++++ Given material
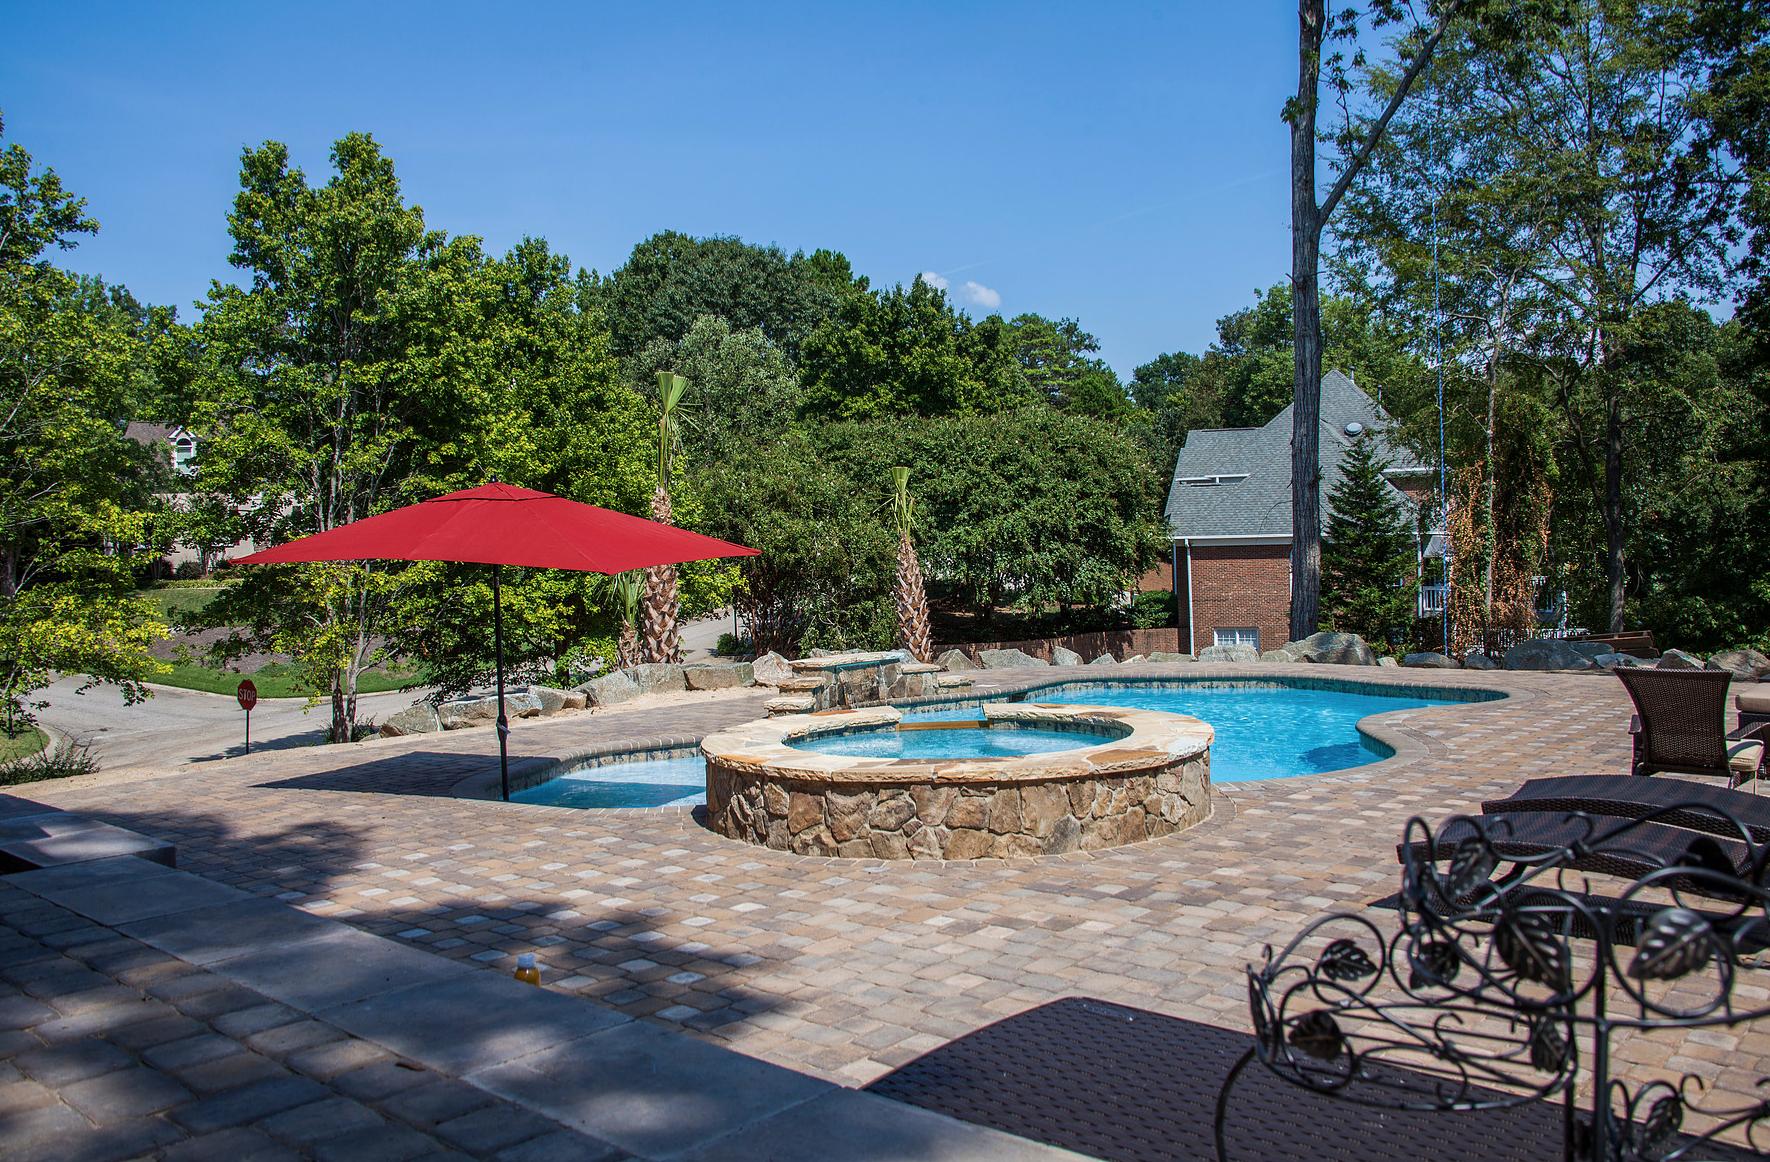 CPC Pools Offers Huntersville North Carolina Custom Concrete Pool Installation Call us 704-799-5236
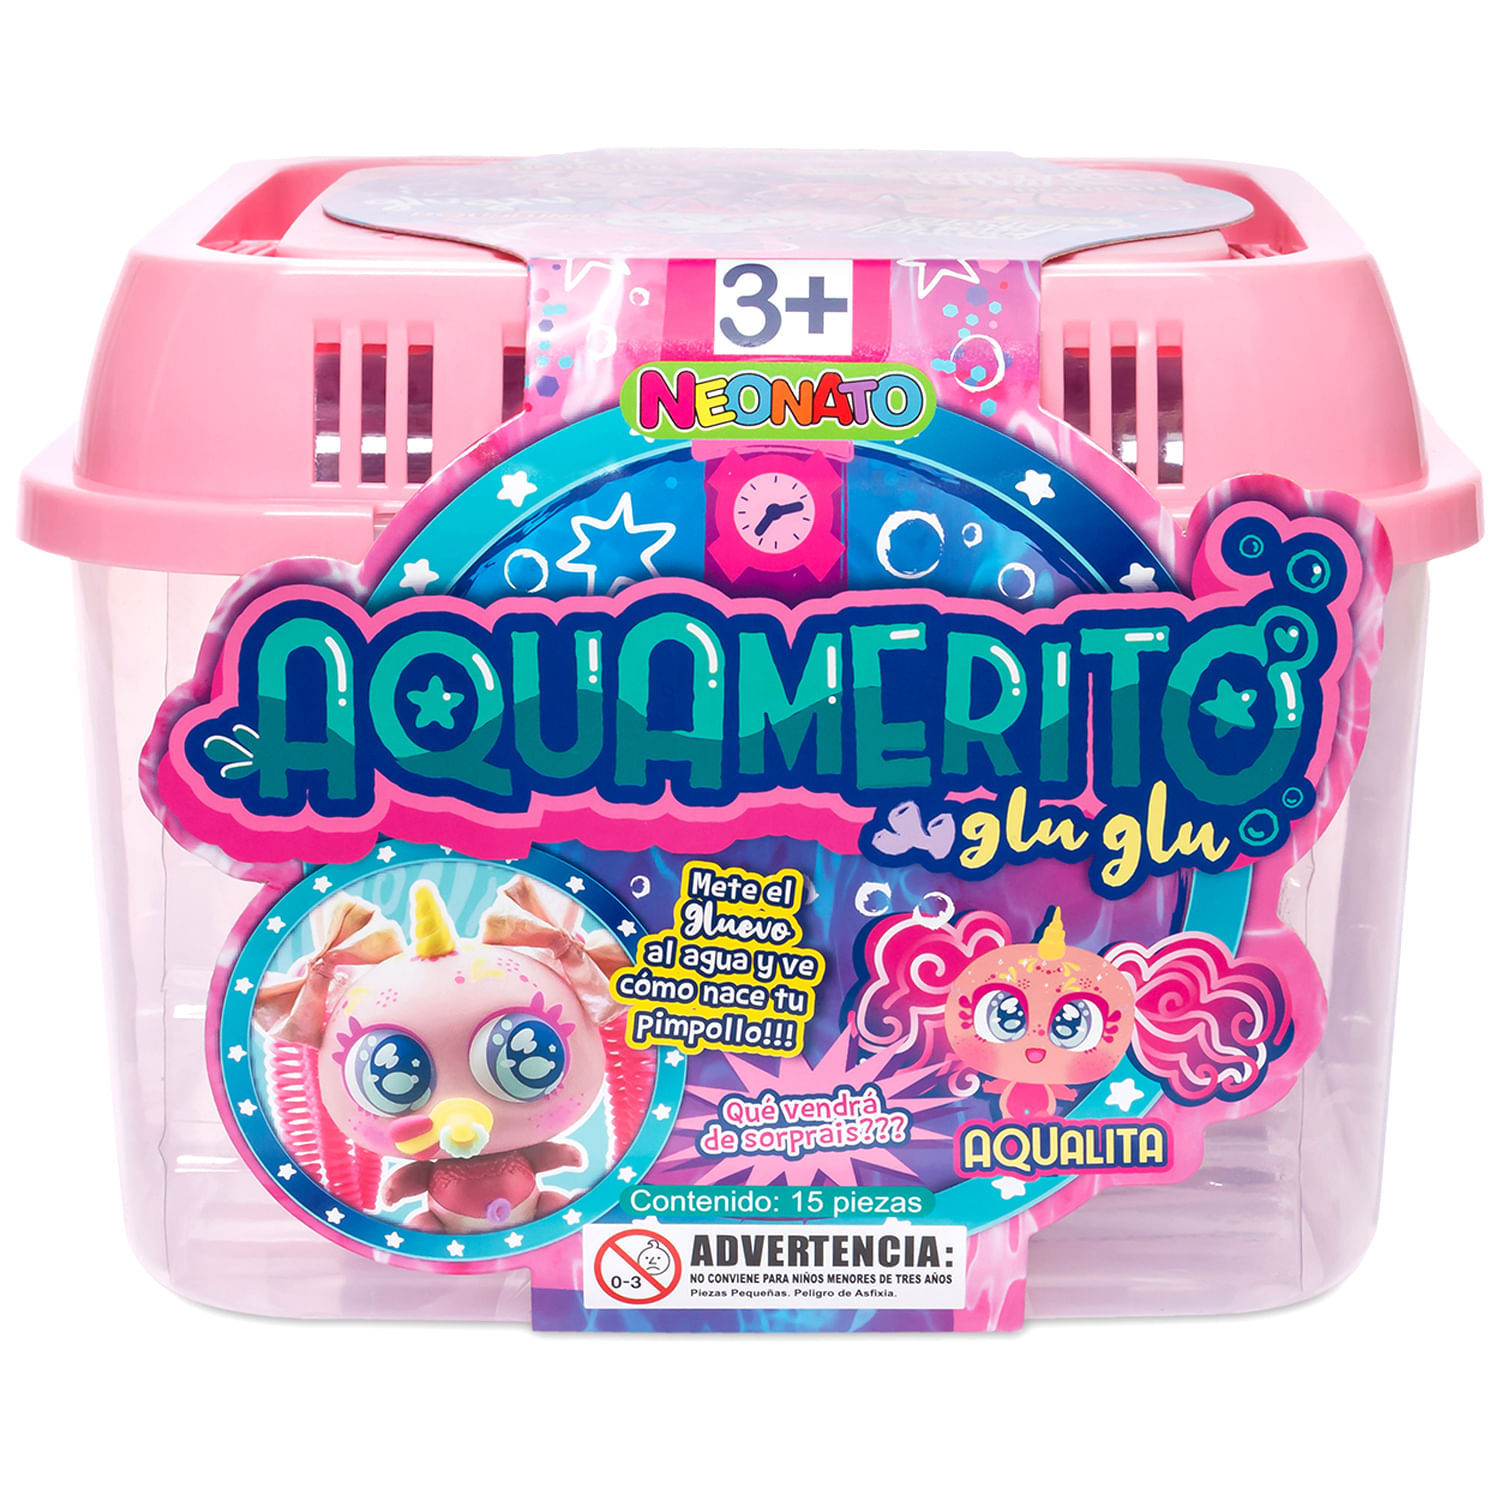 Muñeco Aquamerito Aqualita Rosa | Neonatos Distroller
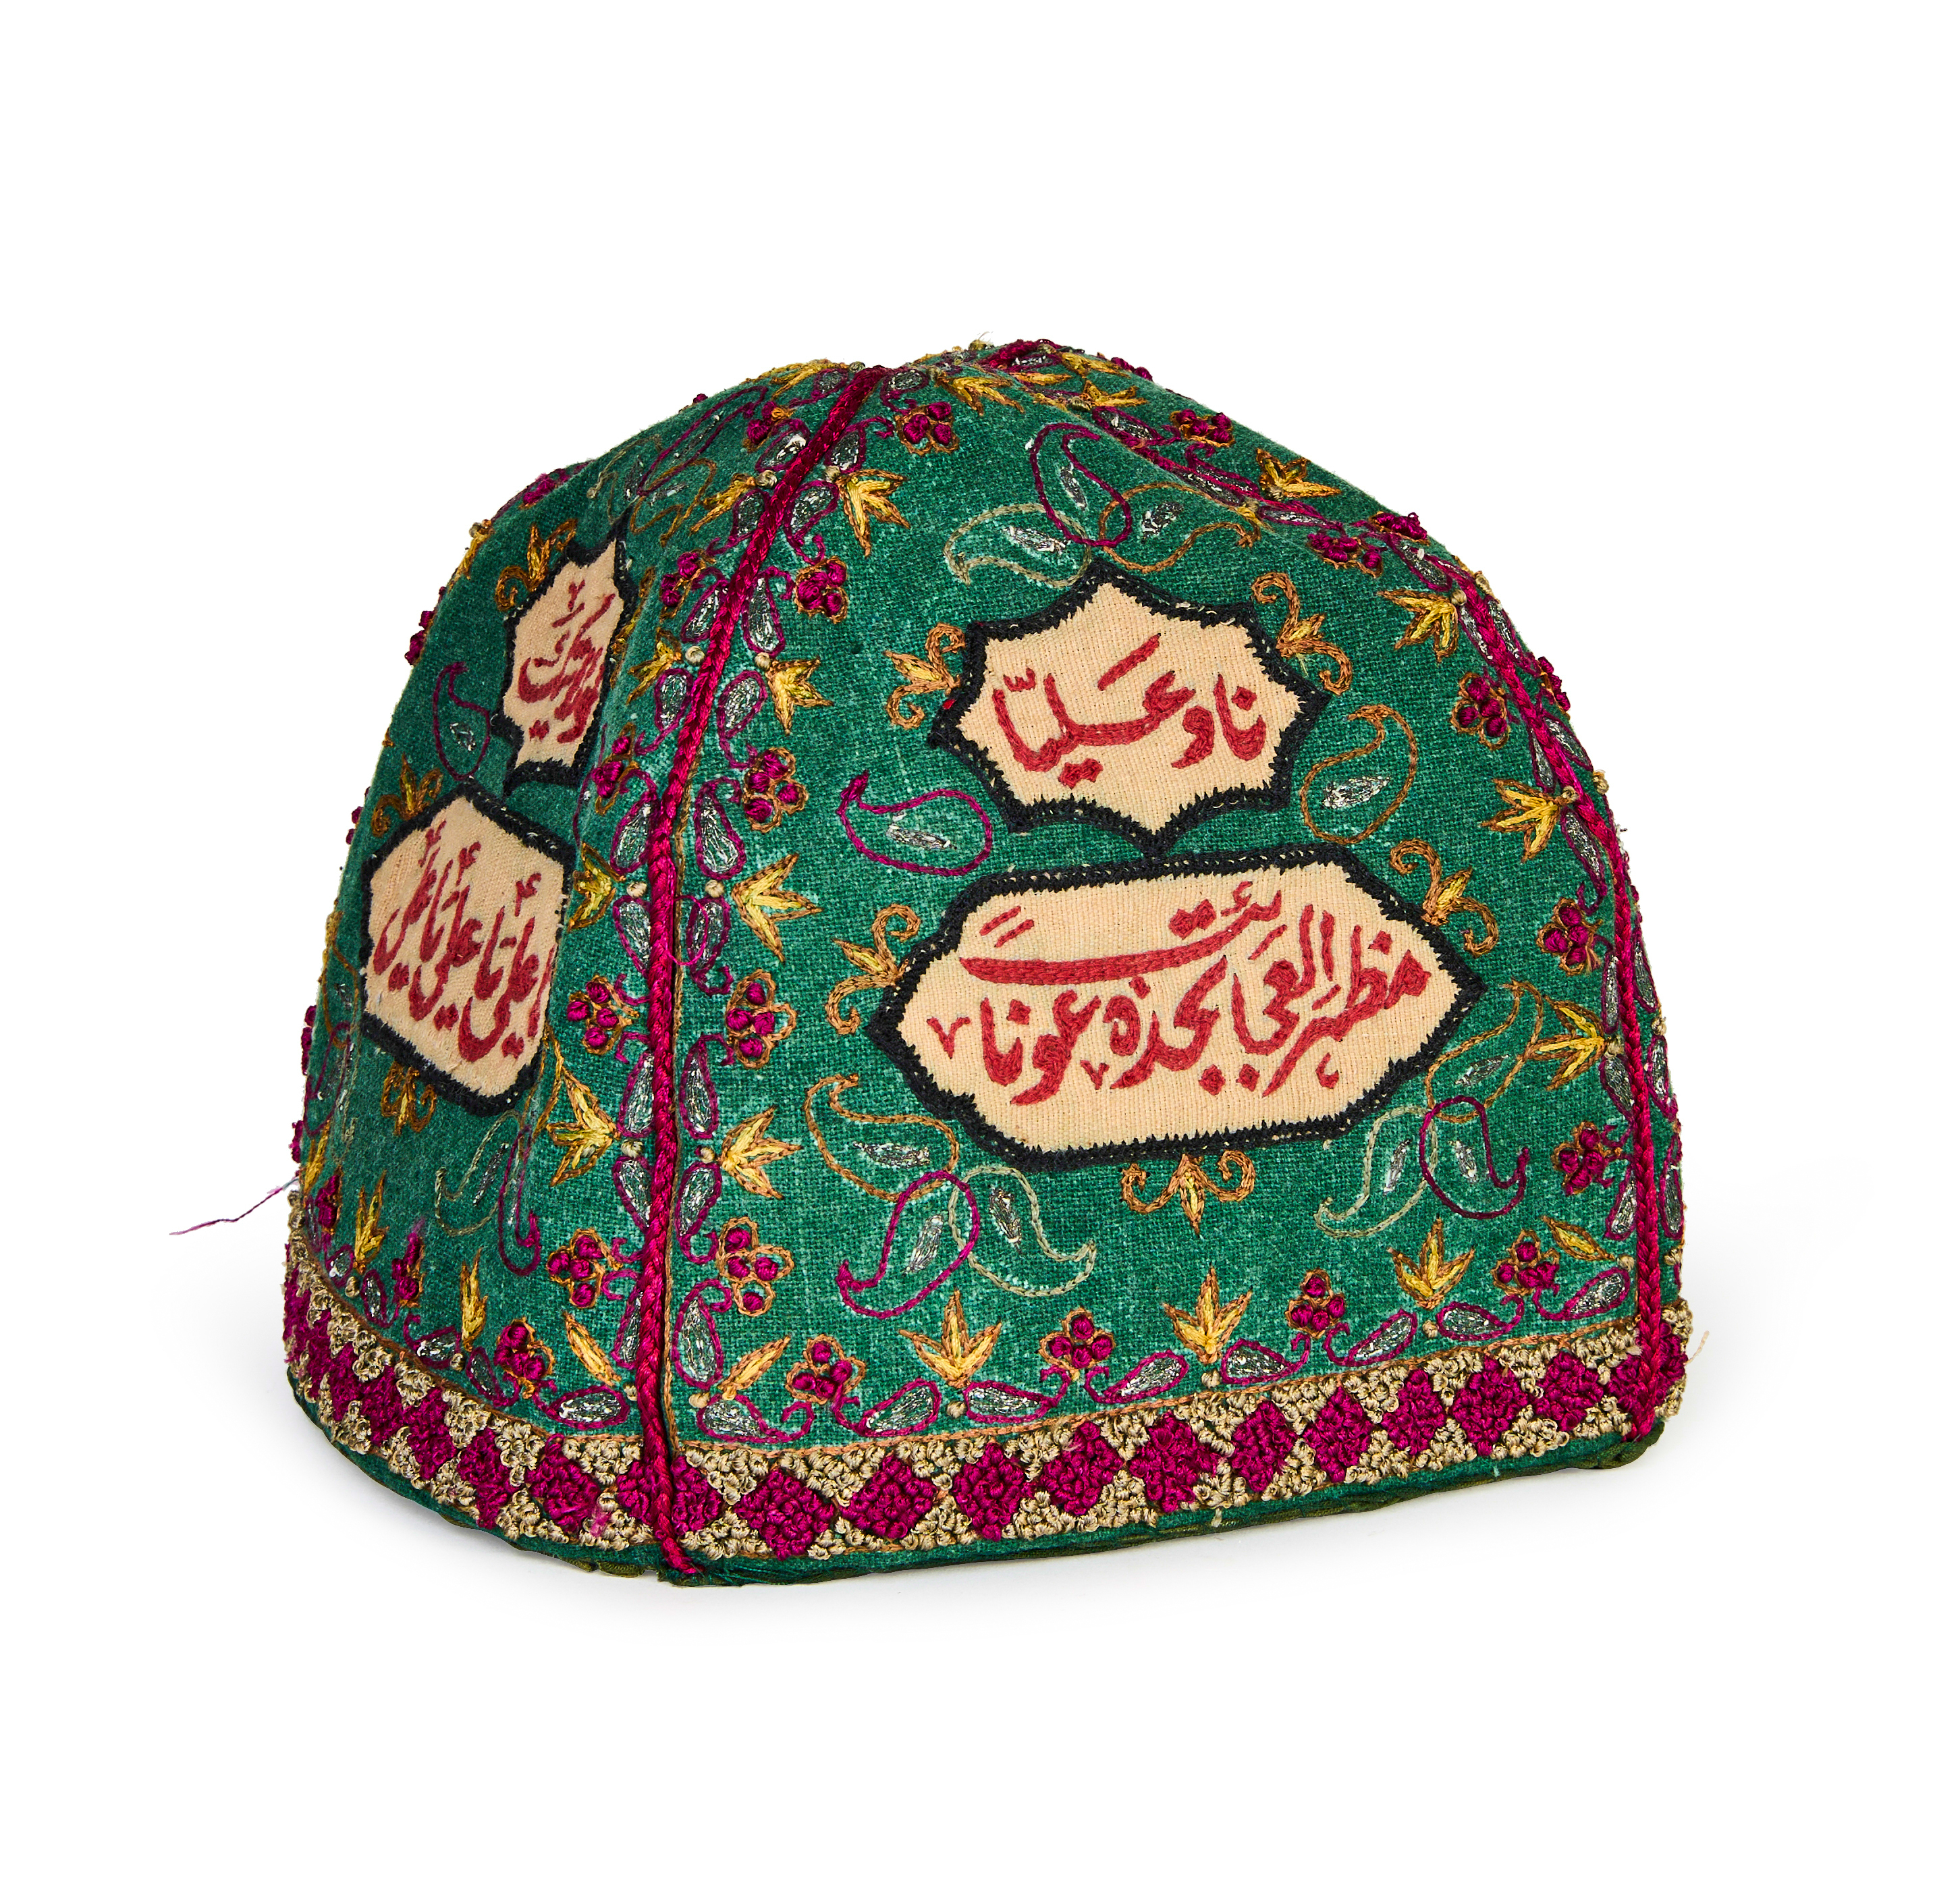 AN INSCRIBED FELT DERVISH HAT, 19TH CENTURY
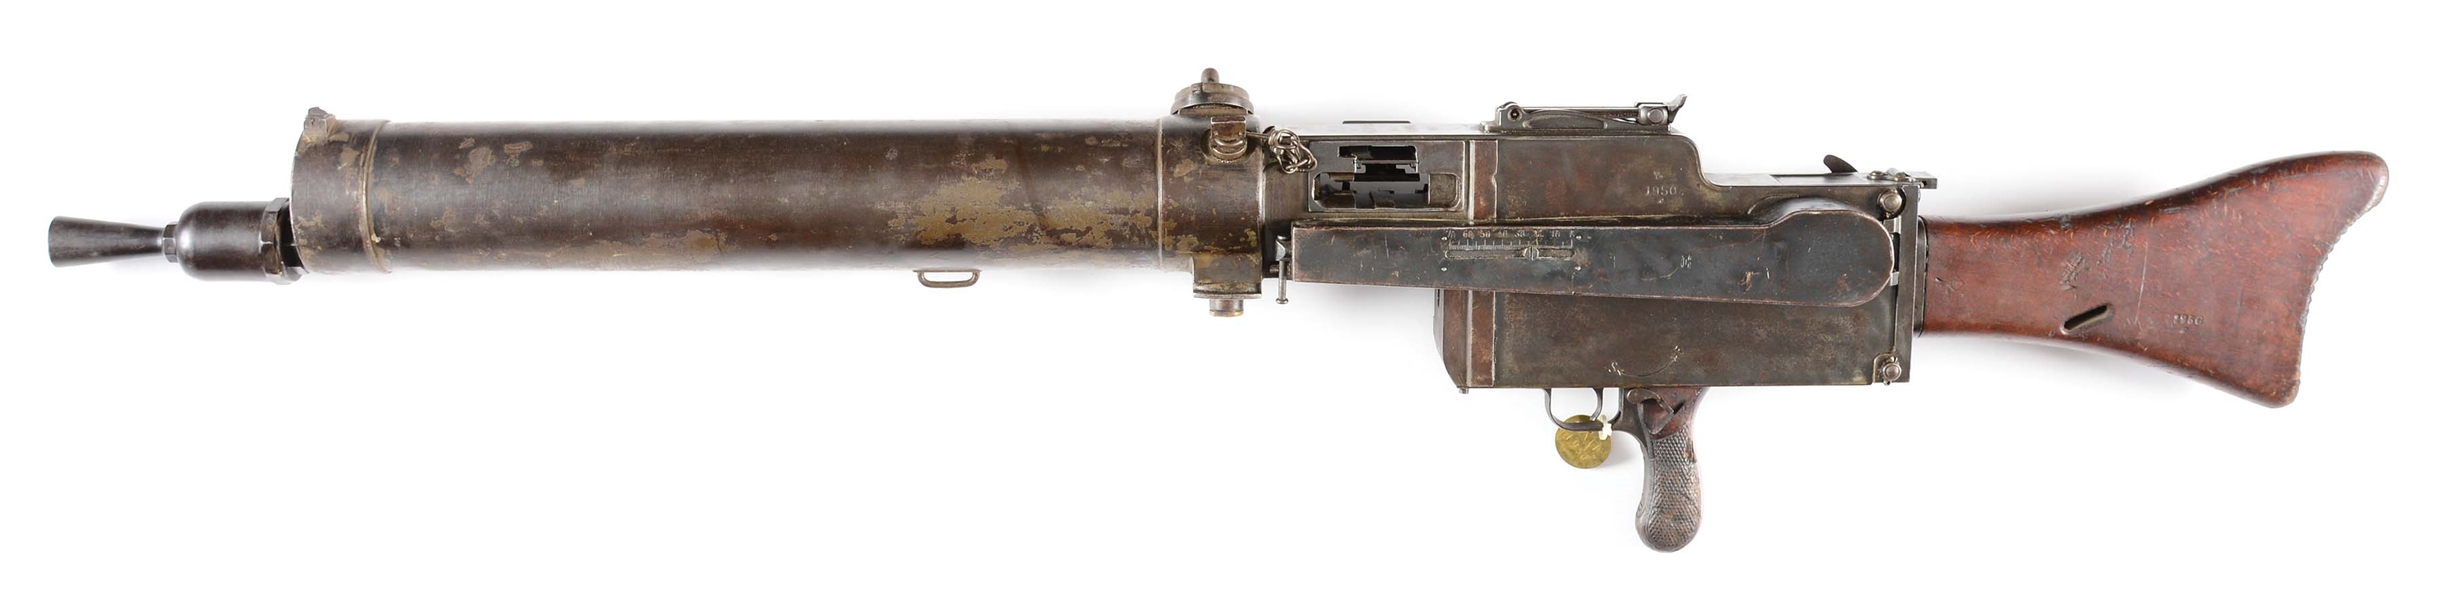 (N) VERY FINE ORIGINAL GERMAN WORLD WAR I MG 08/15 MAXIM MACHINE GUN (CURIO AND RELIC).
++++++++
Task to complete =>
Produce an exact copy of each line of data, skipping embedded images.

Your solution =>
 CPC Pools Offers Huntersville North Carolina Custom Concrete Pool Installation Call us 704-799-5236
 Muñeco Aquamerito Aqualita Rosa | Neonatos Distroller
 AN INSCRIBED FELT DERVISH HAT, 19TH CENTURY
 (N) VERY FINE ORIGINAL GERMAN WORLD WAR I MG 08/15 MAXIM MACHINE GUN (CURIO AND RELIC).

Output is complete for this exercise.